Yes, how can we know the one from the other?
Master Tauler tells us this also. “If it is natural love and enjoyment,” he says, “such a man will drag himself away with a great effort from the things of the world. But if it is divine love, the things of the world will drop off, and he will despise them, and they will become to him nauseous and loathsome. It will be as though he can see no longer, for the glory of the light that has shone down upon him, for the natural eye is darkened by the radiance of the glory.
“And when this has happened to a man it does not exalt him, but casts him down, and he fades away as it were into his own nothingness. Thus can we know that it was the light of God.
“And therefore, dear children, it is exactly contrary to the spirituality of the natural heart, for that hoists people up to a wondrous height in their own self-satisfaction and self-conceit, and makes them look down on others from this giddy height, and they say they are above this one or that one — this thing or that. Remember, dear children, a godly man never talks of being above any person or thing, however small or mean, but when it is God who has raised him up above the things below, he loves and honours more than before, those whom he loved and honoured for natural reasons; for he sees himself less than the least, and above none.
“Neither does he despise the body, which is the work of God, or anything that God has made. You see people tormenting the poor body, and leaving the evil flesh untouched. What has the poor body done, that you should torture it? Such people are trying to break through stone walls with their heads. They break their heads and leave the wall standing. They may shut themselves up in convents, and have their hearts wandering all over the world after the things that perish.

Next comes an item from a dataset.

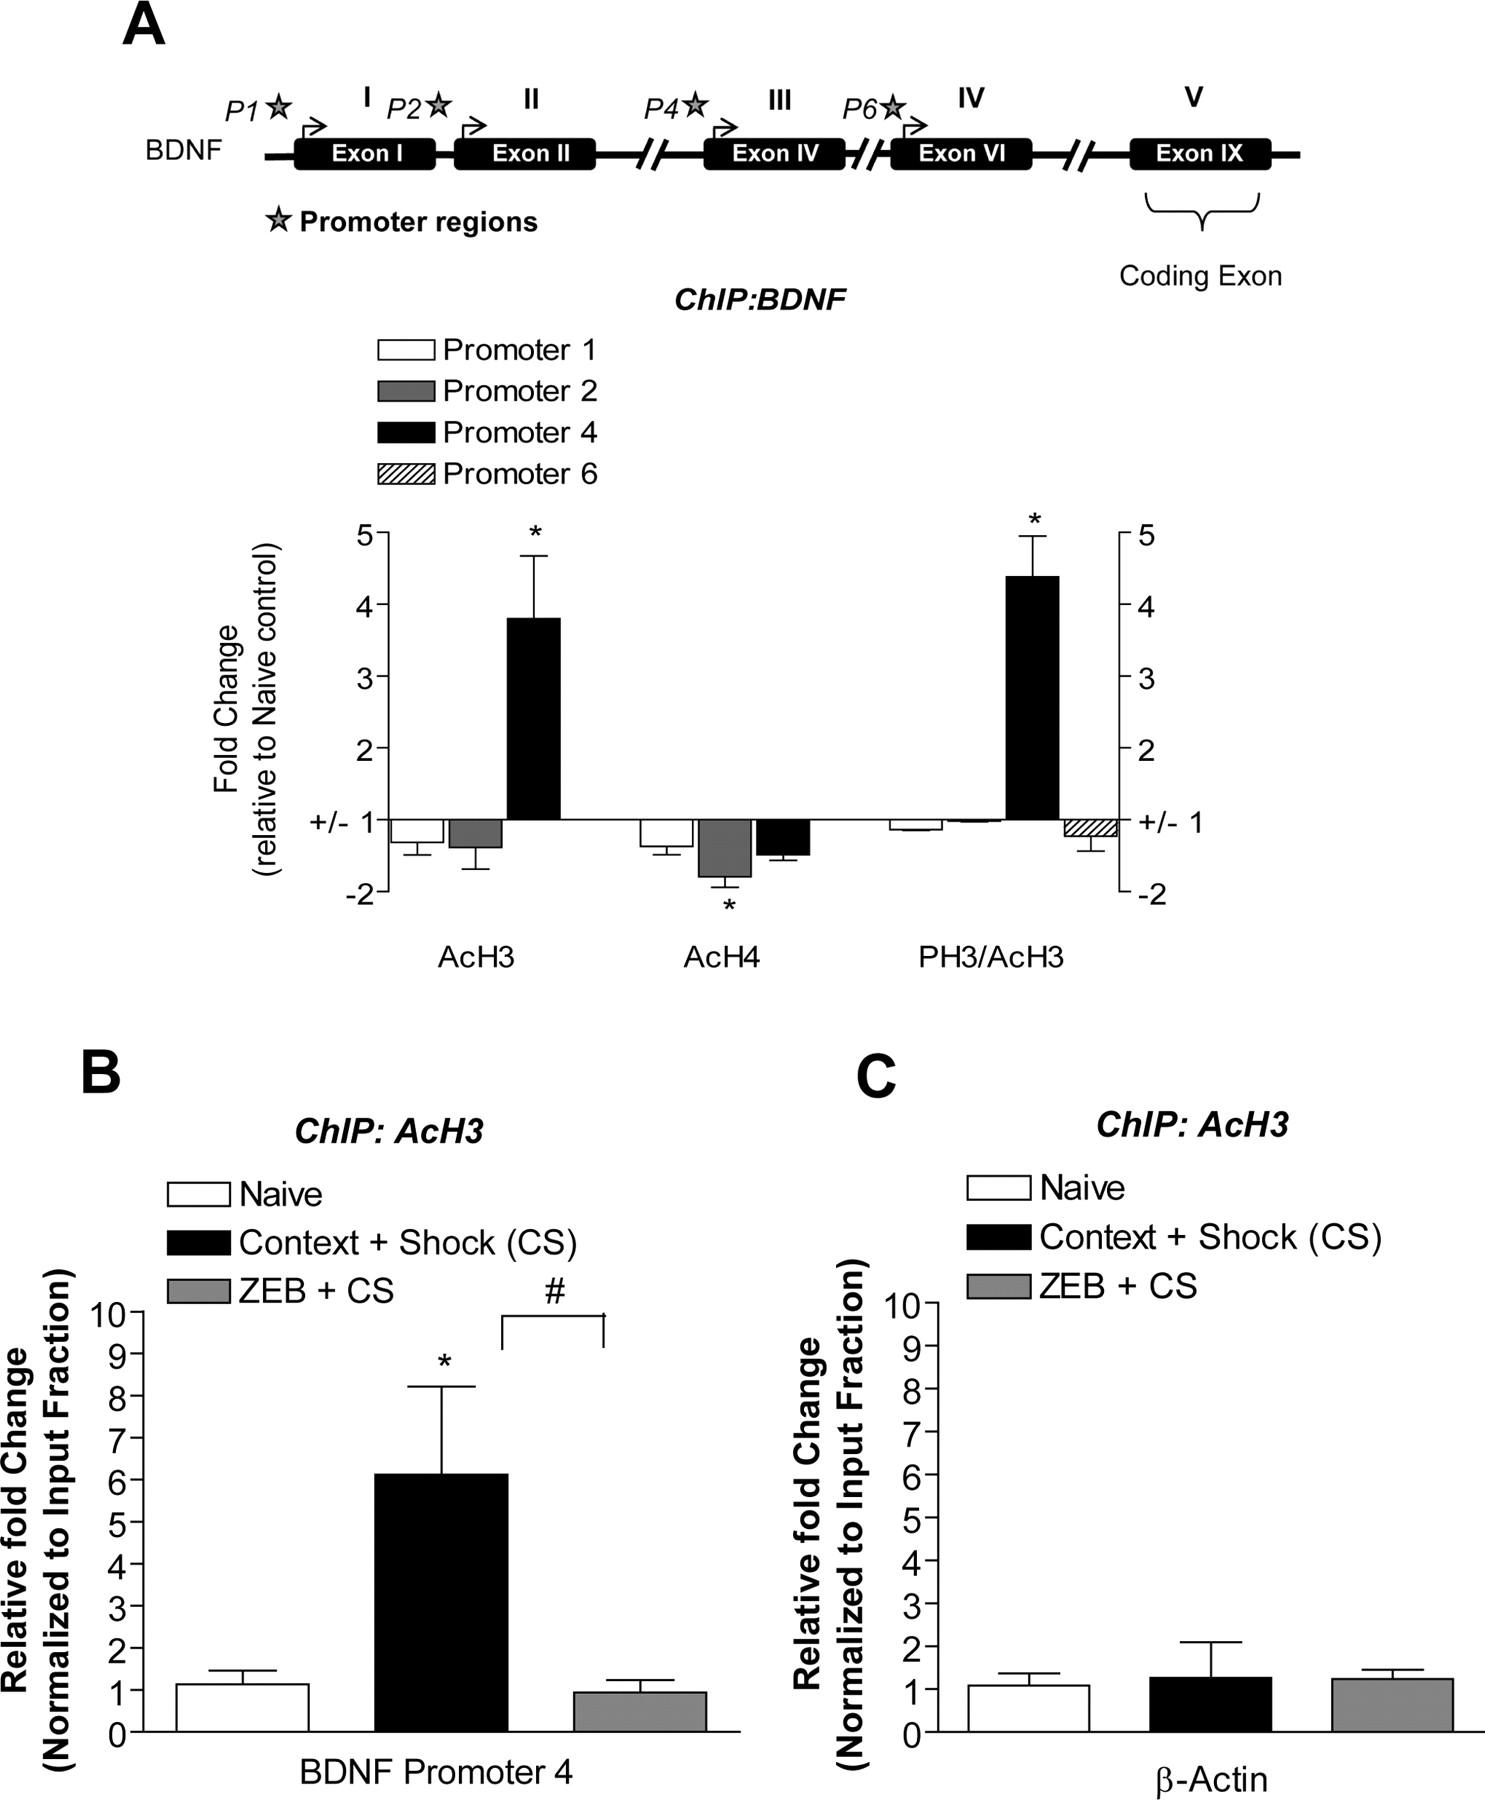 Epigenetic Regulation Of Bdnf Gene Transcription In The

“And, on the other hand, you may find people at the great yearly market in the town, with buying and selling, and all sorts of din and noise all round them, and yet they have their hearts so shut in with the Lord, in peace and rest, that nothing disturbs or distracts them.
“That is the best convent to live in, the blessed convent of communion with God, whereas some closed in by stone walls could not keep their thoughts from wandering for two minutes.
“But because they do the works which men can see with their eyes, people praise them, and hold them up as examples. And thus they become quite convinced themselves that they are holy and good, and they have a false peace and rest of heart, and no sense of sin to trouble them. But if from time to time their consciences are awakened, they think of the penances they have done, and count over their good works, till they are more proud and vain than they were before.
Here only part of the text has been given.